Because the Khornate escape pod which freed Taurica from the Demon Lord's chains of corruption was the second such pod to land on the world that was once part of a popular Aeldari tourism chain of resort planets.
And the first had already made quite the splash.
---
DOOM. DOOM. DOOM, rang the bells attached to the two Plague Doctors' carapaces.
"It's been quite a while we've been walking, hasn't it, brother?" Brother Bubonitrox said cheerfully, as the very sound of his armor's bells ringing made the plantlife around him wither and die.
"Why, yes it has, brother," Brother Arsenicus agreed merrily, his bloated, rotting innards letting out a burst of toxic gas through his rectum so potently vile that it broke through his armor's decayed seals to kill everything behind him, reducing already brown and rotting greenery to dust.
"Do you think this planet is uninhabited?" Bubonitrox asked. "Since we've had so little luck finding people?"
"Have faith, brother, have faith!" Arsenicus said with a merry chuckle. "Grandfather provides!"
As he spoke, another bird made the mistake of coming too close, and some of the chuckling Plague Doctor's foul-smelling, molasses-like saliva droplets landed in the poor bird's eye. It began to desperately fly away as fast as possible, unknowingly carrying the diseases of Nurgle along with it to the wider world, as so many birds had before it.

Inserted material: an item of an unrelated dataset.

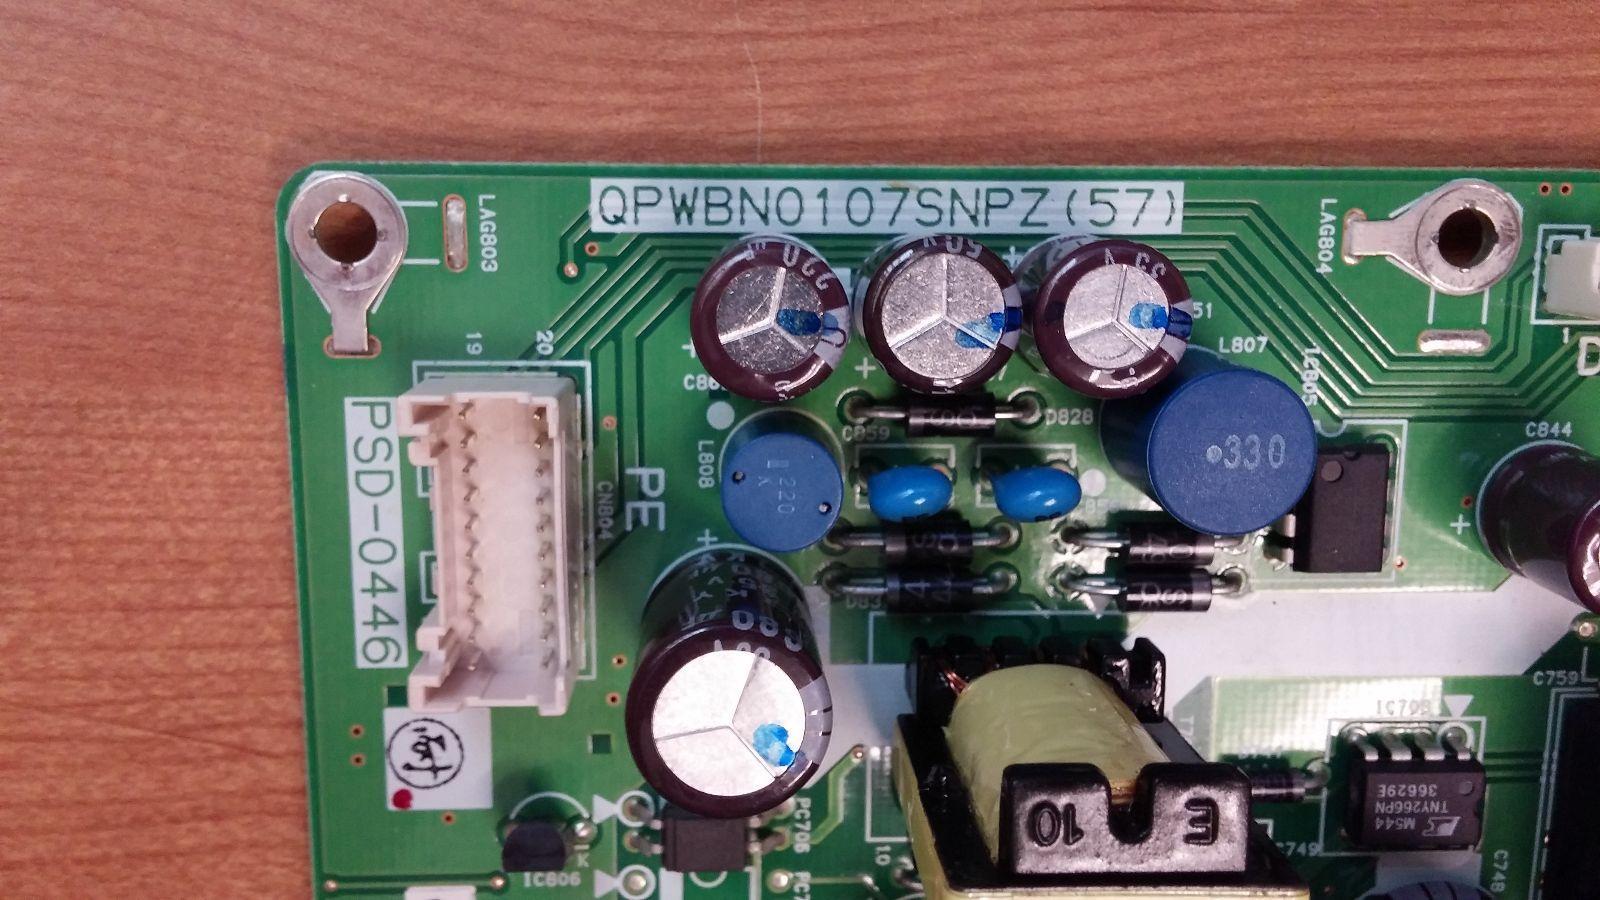 Sharp RDENCA138WJQZ (QPWBN0107SNPZ(57)) Power Supply Unit **FREE SHIPPING**

"I suppose that that's true enough, brother," Bubonitrox agreed. "Nurgle provides." Then, he stopped. "Why, brother, do you hear what I hear?"
Arsenicus stopped, straining his ears. Then he heard it. A distant burbling. "Water source?"
"Water source," Bubonitrox confirmed.
"Water source!" both Plague Marines chorused in joyous unison.
"First one there gets to befoul it with their bodily fluids!" Arsenicus cheered, charging towards the sound of water.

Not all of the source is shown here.